CLETE CALLED ME at the department after the boy left his office and told me of Robert Weingart’s attempt to buy the date-rape drug known on the street as “roofies.”
“What are you going to do?” I asked.
“Talk with the Vietnamese waitress and maybe chat up our celebrity ex-con scribbler.”
“The latter isn’t an option.”
“The First Amendment has been suspended and nobody told me?”
I got up from my desk and closed my office door and picked up the phone again. “Somebody did you a big favor when he helped Stanga into the next world. Don’t blow it.”
“Sounds a little cynical. You’re not lighting candles for Herman?”
“We’ll pick up Weingart and let him know his sexual behavior has come to our attention. In the meantime, you stay out of trouble. You’re the human equivalent of a wrecking ball, Clete. Except you do most of the damage to yourself. You’ve never figured that out.”
“My ex used to say the same thing. She used exactly the same words.”
“Did you hear what I said?”
“Take an aspirin. Think cool thoughts. Nobody rattles the Bobbsey Twins from Homicide.”
Did you ever conduct a conversation with a vacant lot?
I HAD MADE an appointment to interview Kermit Abelard at his house. I could have had him come in to the department, but I wanted access once again to the Abelard compound and the bizarre and insular world in which they lived, maybe for reasons I didn’t want to admit to myself. Did I buy into the notion, as Clete had suggested, that the Abelards were players in an Elizabethan tragedy? No, I didn’t. They certainly created the affectation of royalty in exile, but I doubted if even they were convinced by it. Someone once said that had Sir Walter Scott not written his romantic accounts of medieval chivalry, there would have been no War Between the States. I doubted if that was true, either. I believed the legend of the Lost Cause was created after the fact, when the graves of Shiloh and Antietam became vast stone gardens reminding us forever that we imposed this suffering on ourselves.
But if the Abelards and their peers were not created by the pen of an English novelist, what were they? Clete Purcel had said either their house or the old man smelled of death. Was that just his imagination? Except Clete was nobody’s fool and was not given to extravagant metaphors.
I signed out a cruiser and drove down to the watery rim of St. Mary Parish and thumped across the wood bridge onto the Abelard compound. The lagoon that surrounded the property was networked with algae, the moss in the dead cypress lifting in the wind off the Gulf, a solitary ventilated storm shutter slamming incessantly against an upstairs window. Out in the flooded cypress, I could see a man standing in a pirogue, his back to me, casting a lure in a long arc into the water. He was wearing a cap and a sleeveless denim shirt, and he had narrow shoulders and a suntan that had a strange yellow cast.
The black woman who let me in said Mr. Kermit was out in his boat but would be back momentarily; in the meantime, she said Mr. Timothy would like to see me out on the sunporch.
“You’re Miss Jewel?” I said.
“Yes, suh. That’s my name. I’ve taken care of Mr. Timothy for many years.”

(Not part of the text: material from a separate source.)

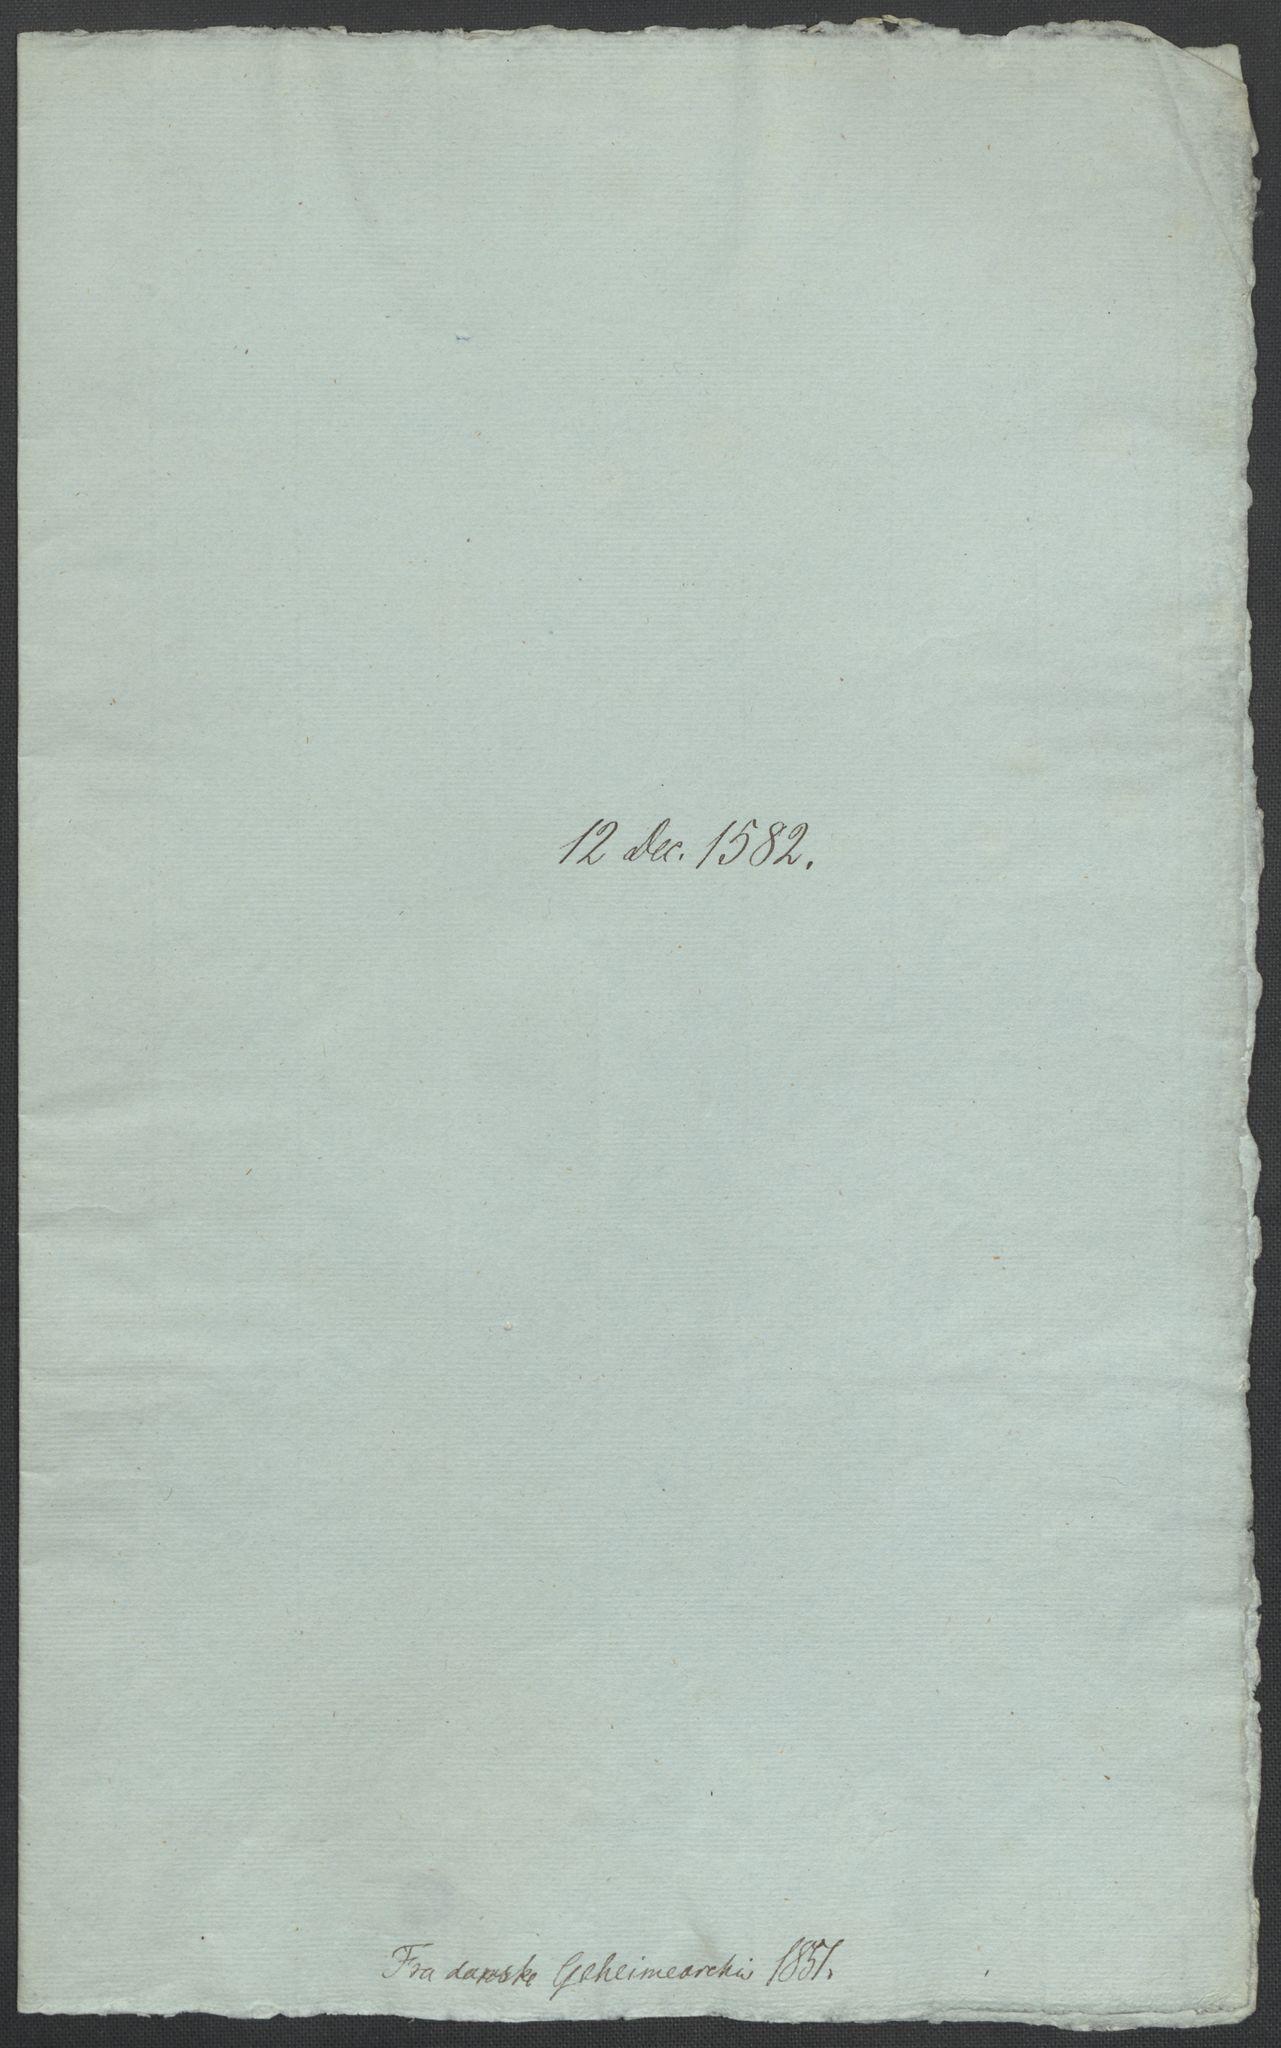 RA, Riksarkivets diplomsamling, F02/L0084: Dokumenter, 1582, s. 54

“And you know my daughter, Alafair?”
“Yes, suh. She’s very nice.”
I took unfair advantage of my situation and asked a question I should not have asked. “I was trying to remember when Alafair was out here last. Do you recall?”
“I take care of Mr. Timothy. I don’t study on everyone who comes and goes, suh.”
She escorted me to the sunporch. Timothy Abelard was reading in his wheelchair, canted sideways to catch the sunlight on the page, his entire person bathed in the rainbow of color that shone through the stained-glass windows. He looked up at me, smiling, with the expectation one might associate with a tiny bird in the bottom of a nest. “It’s very nice of you to come out and talk with an elderly man,” he said.
I wondered if he was simply being polite or if he was confused about the purpose of my visit. But perhaps a bigger problem for me was that I wanted to like Mr. Abelard. In all ways, he was genteel and seemingly thoughtful. Yes, his eyes were like those of a hawk. But for the elderly, a mistake in judgment about other people can have dire consequences, and it’s hard to begrudge them their cautionary instincts in dealings with others. At least that was what I wanted to believe about this kindly old man.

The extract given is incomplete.